Can a Language Model Paint?

May 14, 2026 · ai · Source ↗

TLDR

Builder iteratively prompts VLMs to paint stroke-by-stroke using Claude Opus/Sonnet and Mistral Large, testing whether process-driven generation feels more artistically sincere than one-shot output.

Frontier models (Claude Opus 4.6/4.7) produce recognizable images; smaller or older models like Mistral Large trend toward abstract scribbles unless given 50-stroke batches instead of 5.
VLMs fail at iterative fine-detail: a single bad stroke triggers cascading destruction, and the model then makes increasingly destructive repair attempts.
This mirrors LLM-assisted codebases: broad-stroke output is competent, but iterative fine edits near capability limits degrade the whole structure irreversibly.
The CLI app passes current canvas plus concept to a VLM loop; the model reasons per stroke and self-terminates when it judges the painting complete or hits a max stroke limit.
Output is still described by the author as “soulless derivative digital illustration” – iterative process did not produce the sincerity the experiment sought.

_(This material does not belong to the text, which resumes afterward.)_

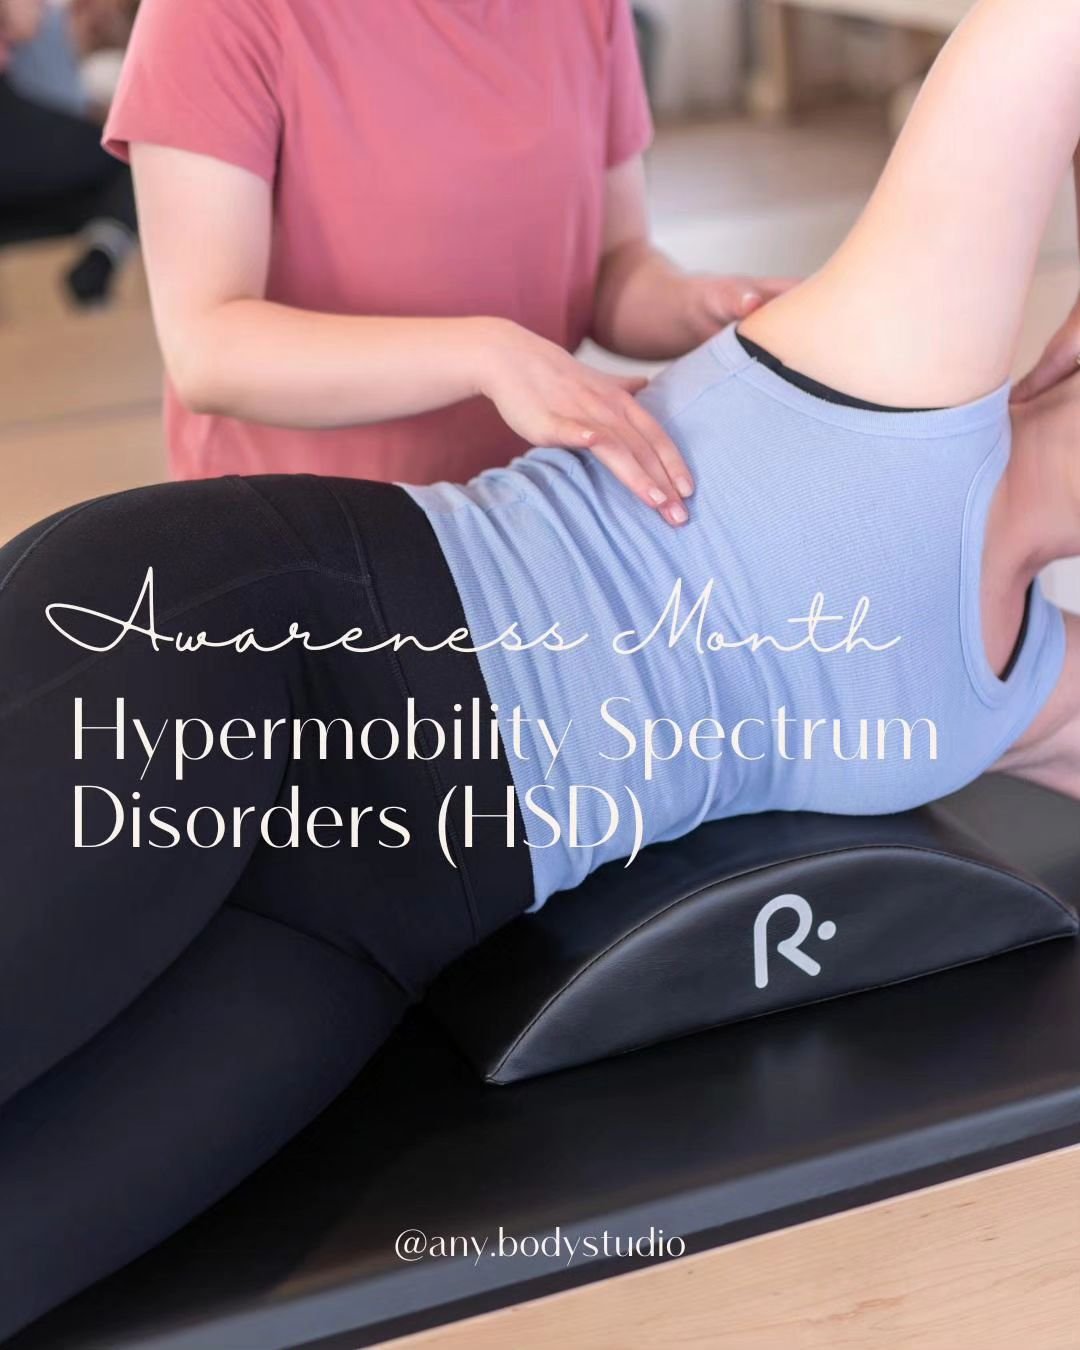 May is Hypermobility Spectrum Disoders (HSD) Awareness Month. Here at any. BODY Studio, we are extremely passionate about helping people with HSD use movement as medicine, but what is HSD?

Hypermobility spectrum disoders are connective tissue disord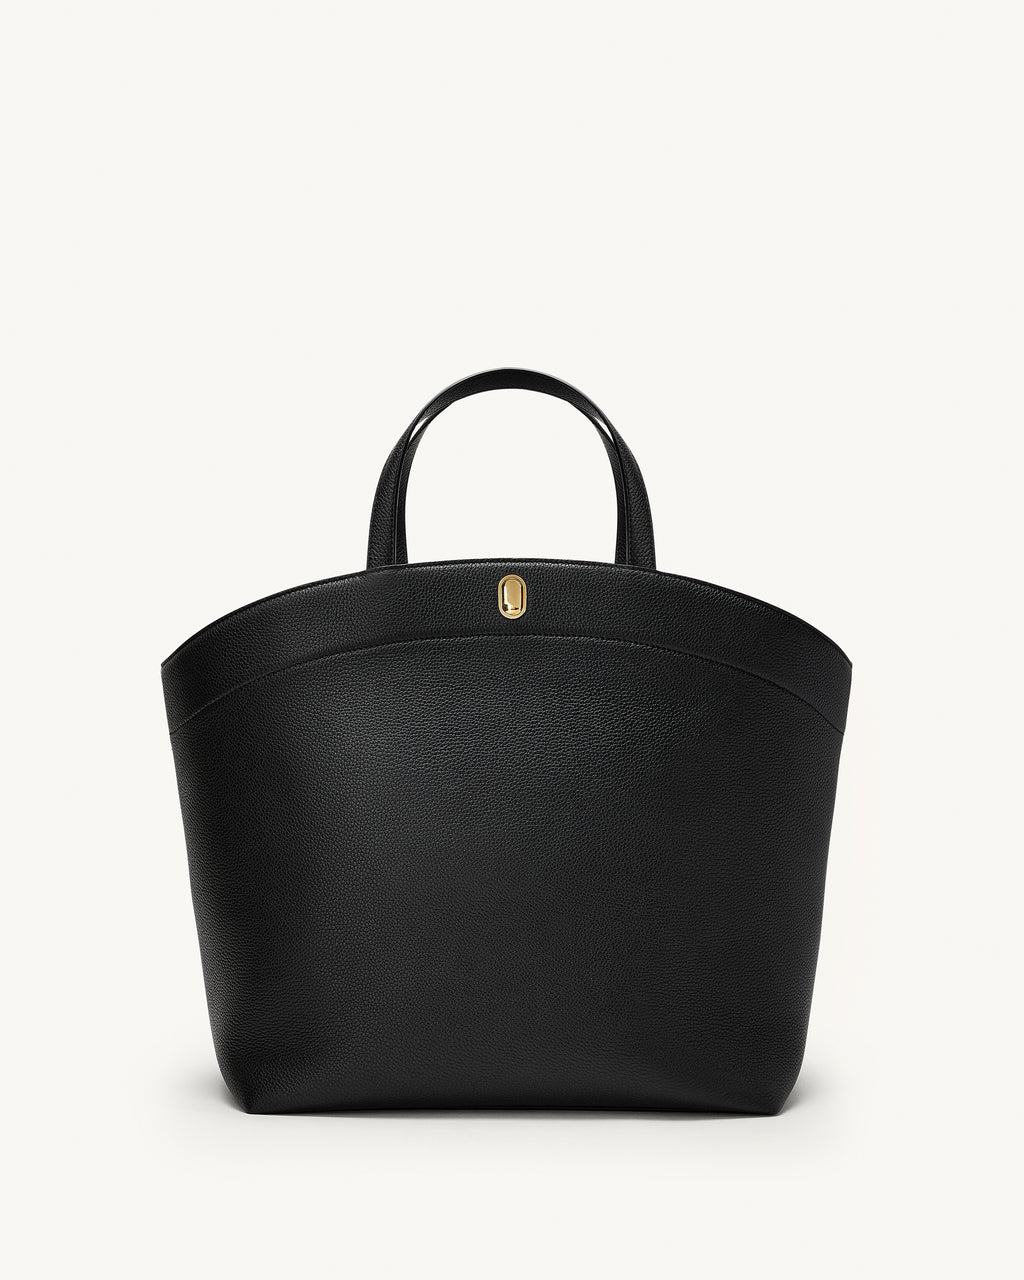 Large Tondo Tote in Black Grained Leather

Discussion is thin; the main concrete observation from commenters is that stroke-by-stroke LLM output looks more human-made than diffusion model output.
The imitation-vs-creation framing surfaced briefly but was not developed with technical depth.
A related resource was flagged: Simon Willison’s pelican-on-bicycle LLM progress tracker and Sam Collins’s “underdrawings” post on accurate text generation are relevant prior art.

@bizer: notes iterative paintings look more human-made than diffusion output – a concrete perceptual distinction worth testing further.
@baCist: “LLMs can draw… but they imitate, not create” – sharp framing of the ceiling the experiment hits.